This summarizes the mean, sd, and quantiles of the posterior estimates of $\mu$, as well as the effective sample size (n_eff) and Rhat for the parameters.

The model estimates $\beta$ using data from sites with paired samples and uses this estimate to make predictions for $\mu_{i=4}$ and $\mu_{i=34}$ where no traditional seine samples were collected.

We can also use functions from the bayesplot package to examine the posterior distributions.

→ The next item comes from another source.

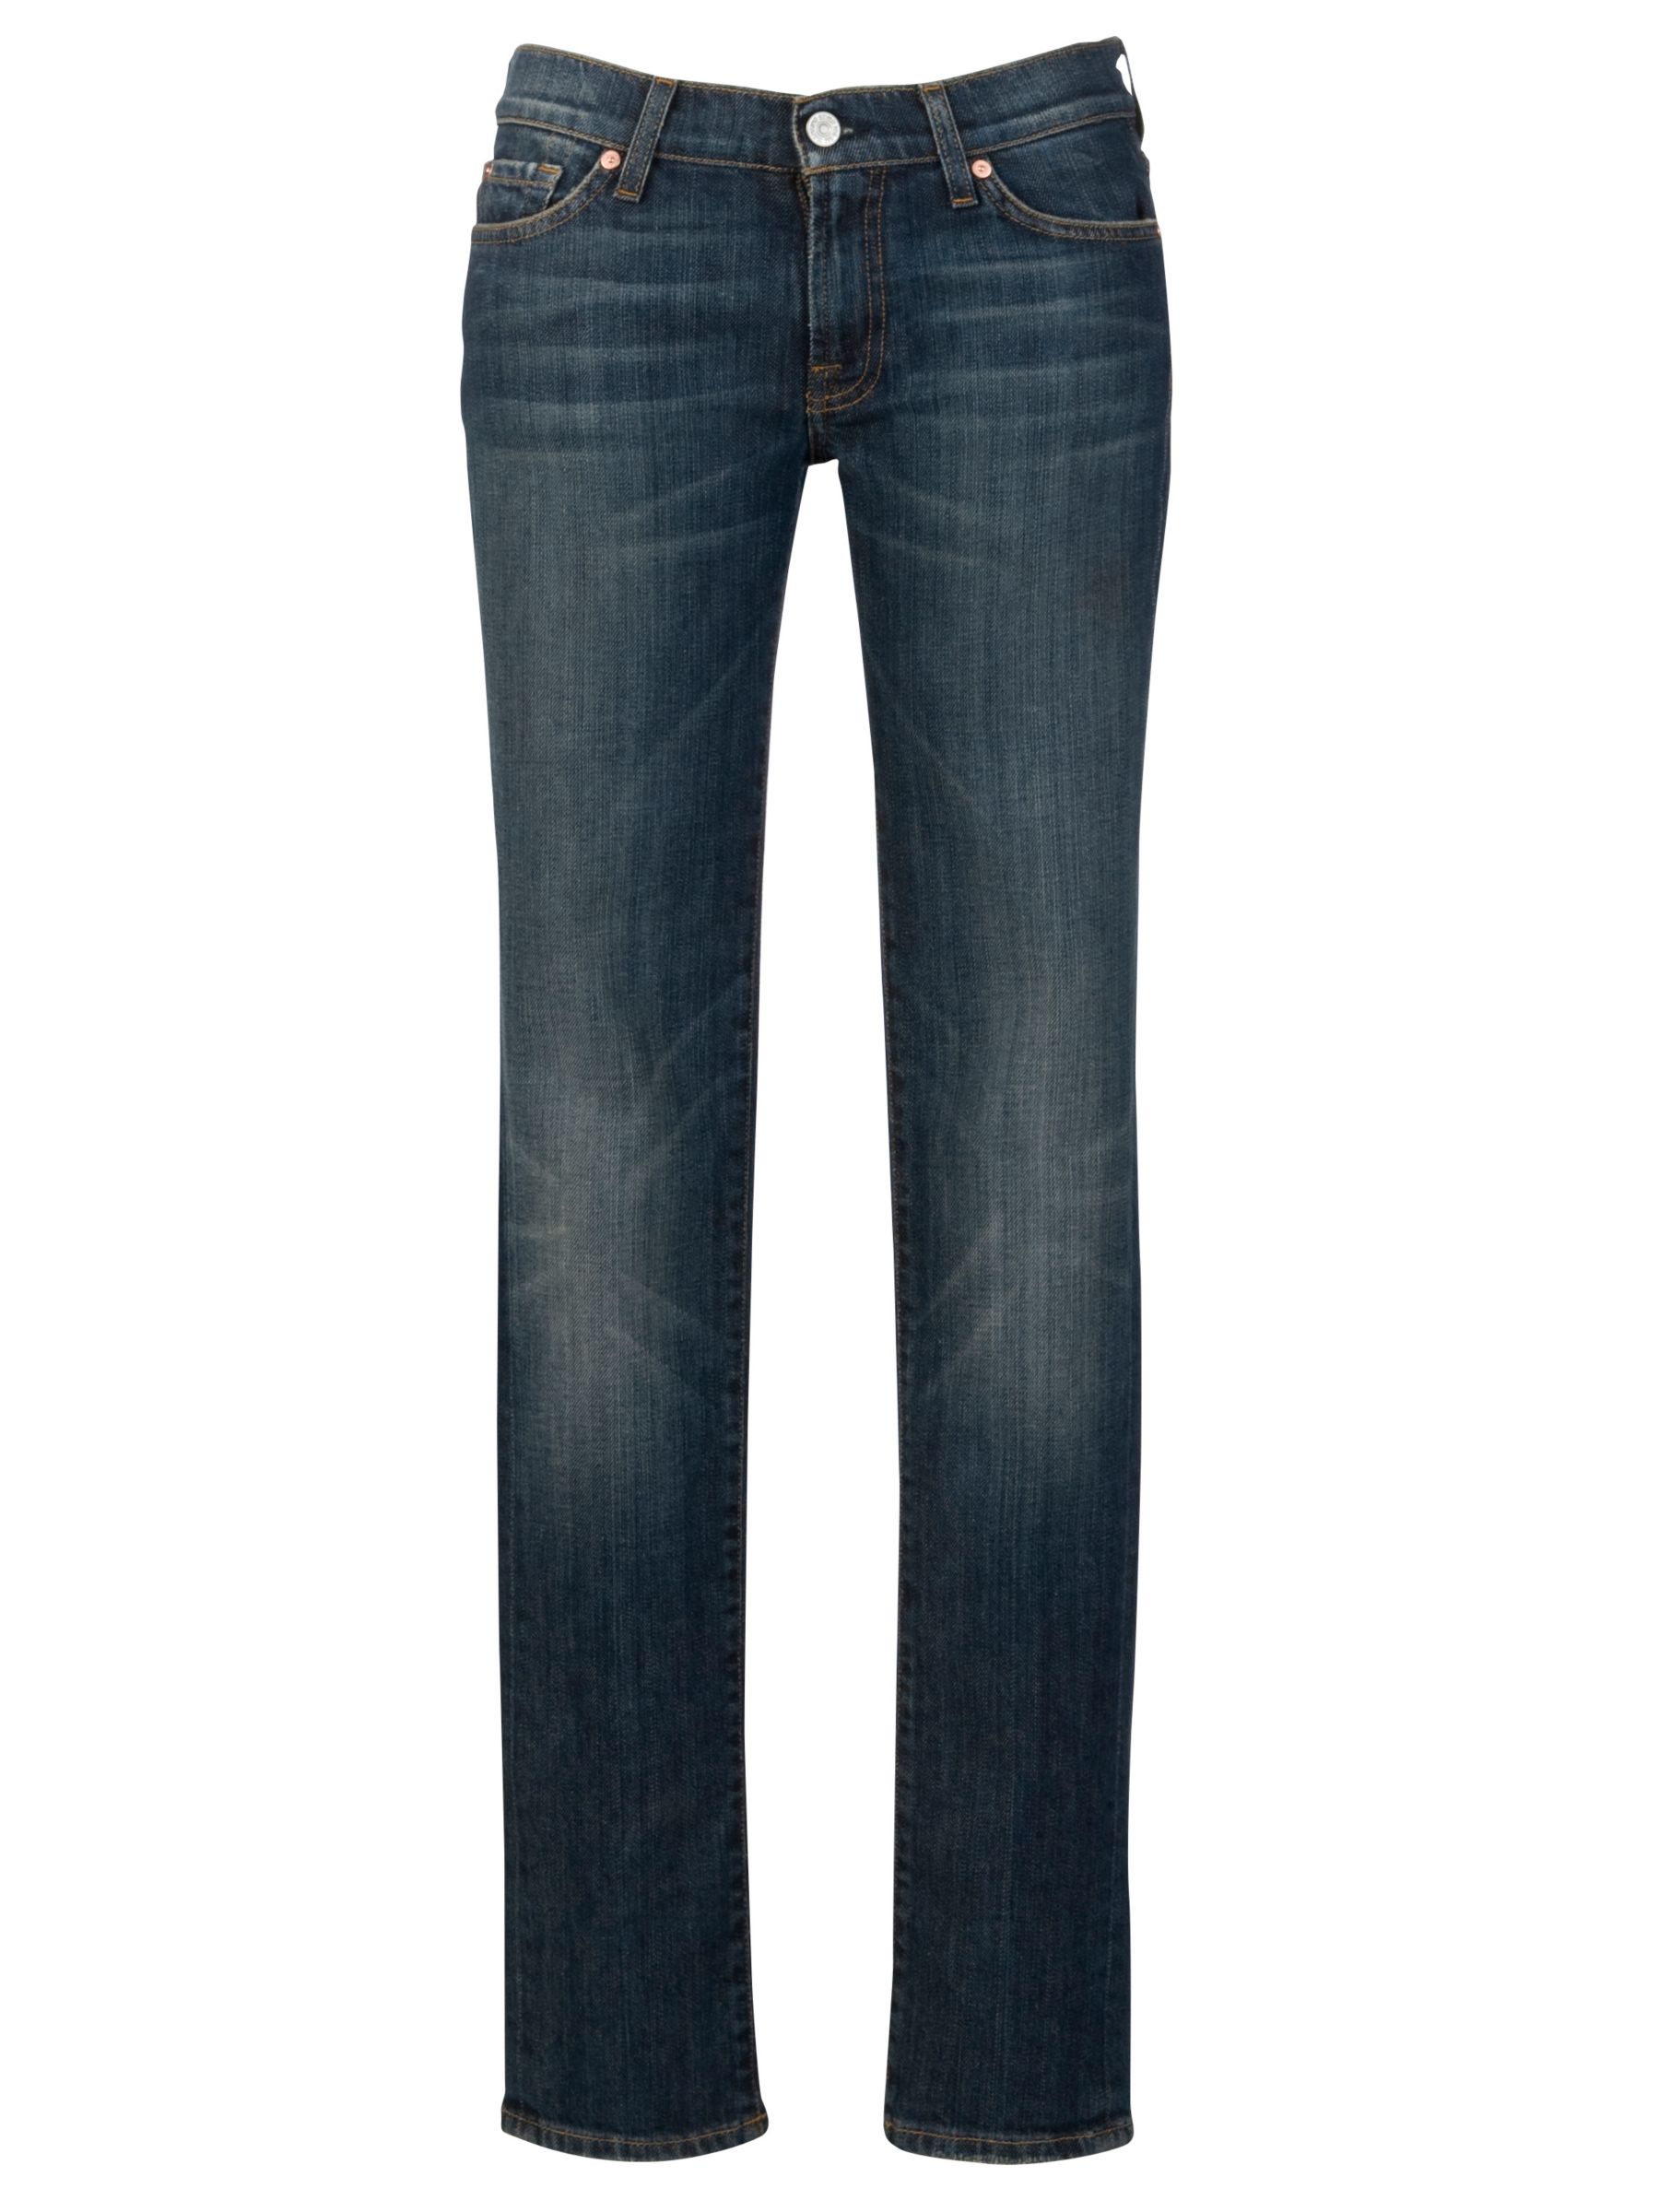 7 For All Mankind Roxanne Skinny Jeans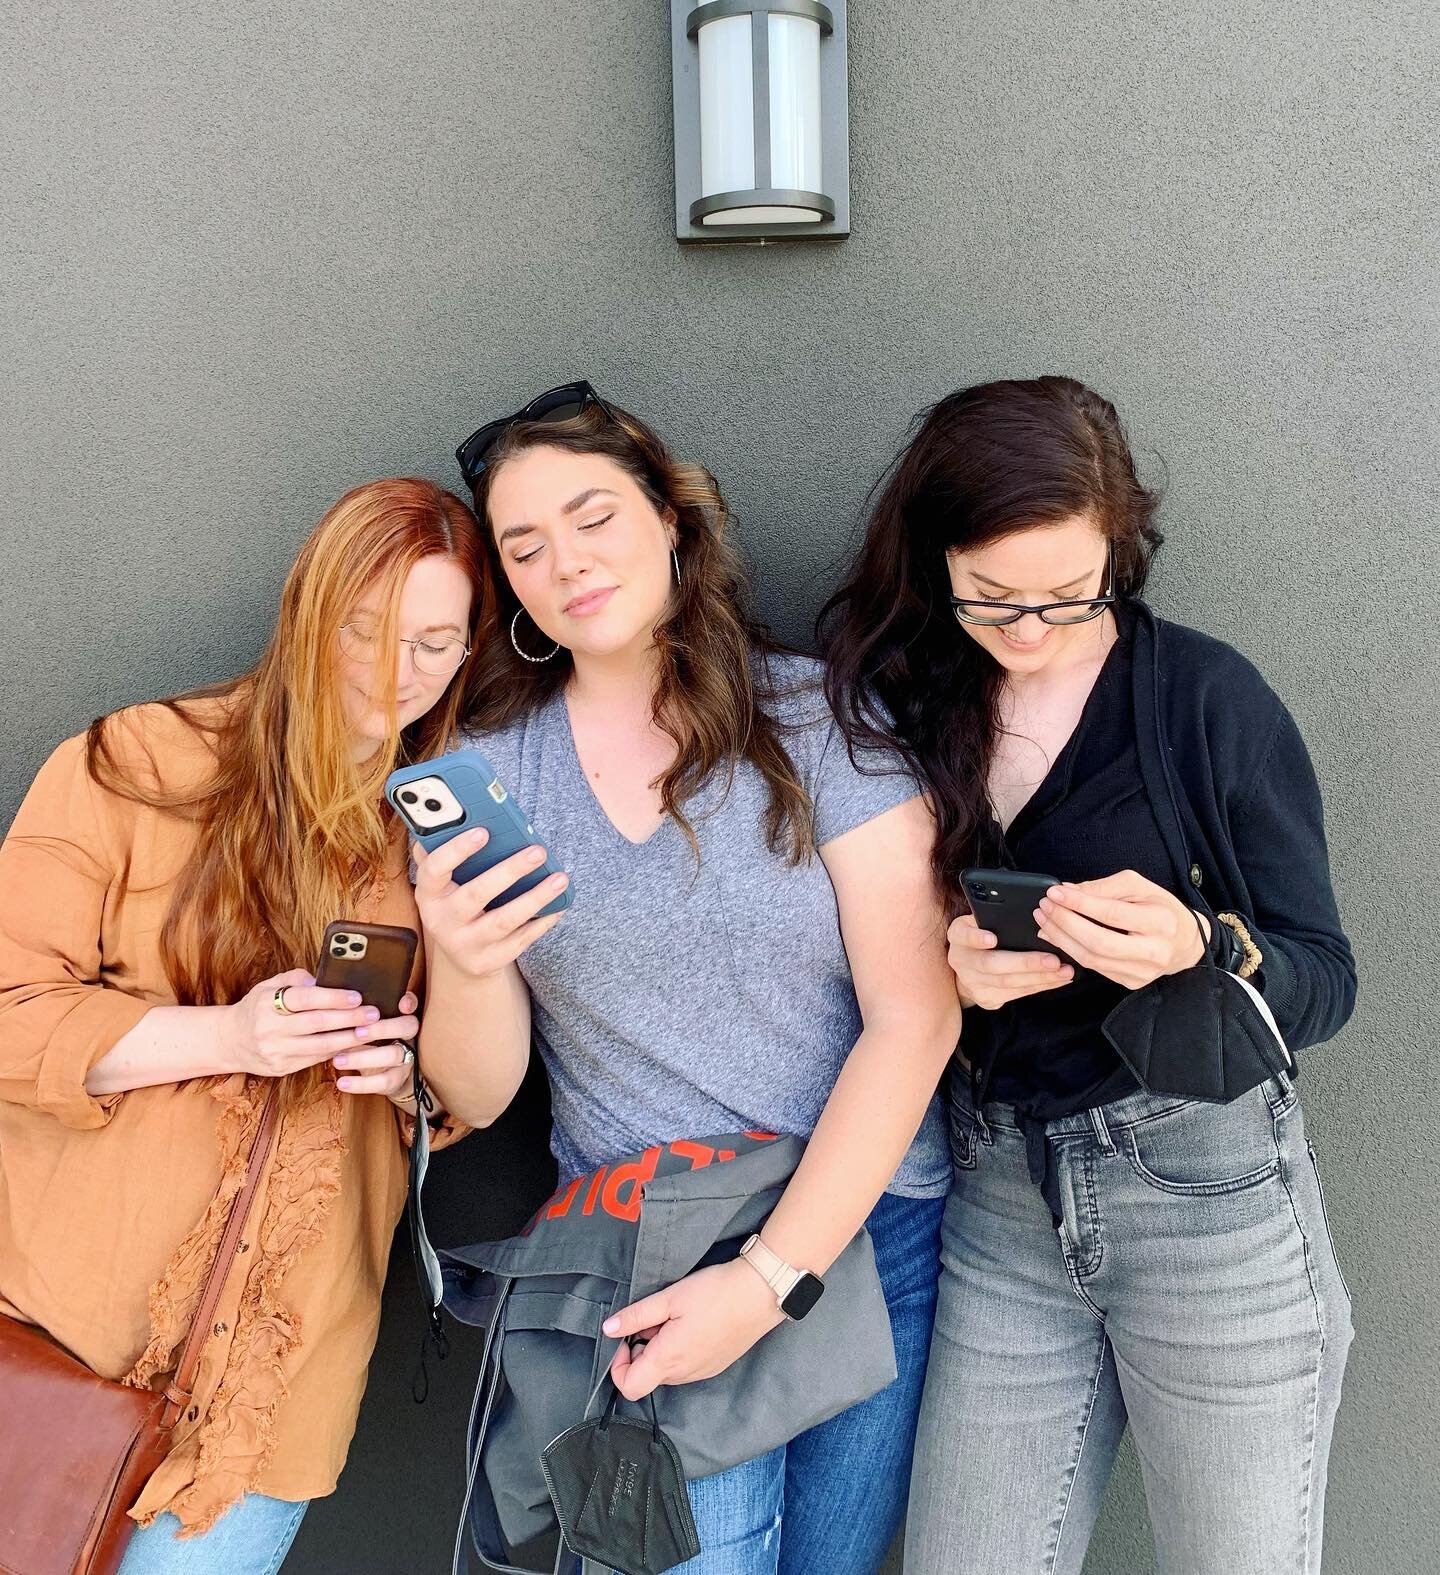 The only photos I have with dear @timesnewrachel from her release day are these gems with @authoradalyngrace outside a Barnes &amp; Noble because @m.santee thought the three of us on our phones looked cute and forced us into recreating the moment. I

First let’s look at the posterior distributions for $\mu_{i=4}$ and $\mu_{i=29}$. Traditional seine samples were collected at site 29 but not at site 4.

library(bayesplot)
# plot posterior distribution, highlighting median and 80% credibility interval
mcmc_areas(as.matrix(goby.fit.semi$model), 
           pars = c('mu[4]', 'mu[29]'), prob = 0.8)

As you could expect, the credibility interval for the expected catch rate at site four is much wider than the credibility interval at site 29, since no traditional samples were collected at site four.

Let’s do the same for $\mu_{i=7}$ and $\mu_{i=34}$. Traditional seine samples were collected at site 7 but not at site 34.

# plot posterior distribution, highlighting median and 80% credibility interval
mcmc_areas(as.matrix(goby.fit.semi$model), 
           pars = c('mu[7]', 'mu[34]'), prob = 0.8)

Again, the credibility interval for the expected catch rate at site 34 is wider with a longer tail than the credibility interval at site 7, since no traditional samples were collected at site 34.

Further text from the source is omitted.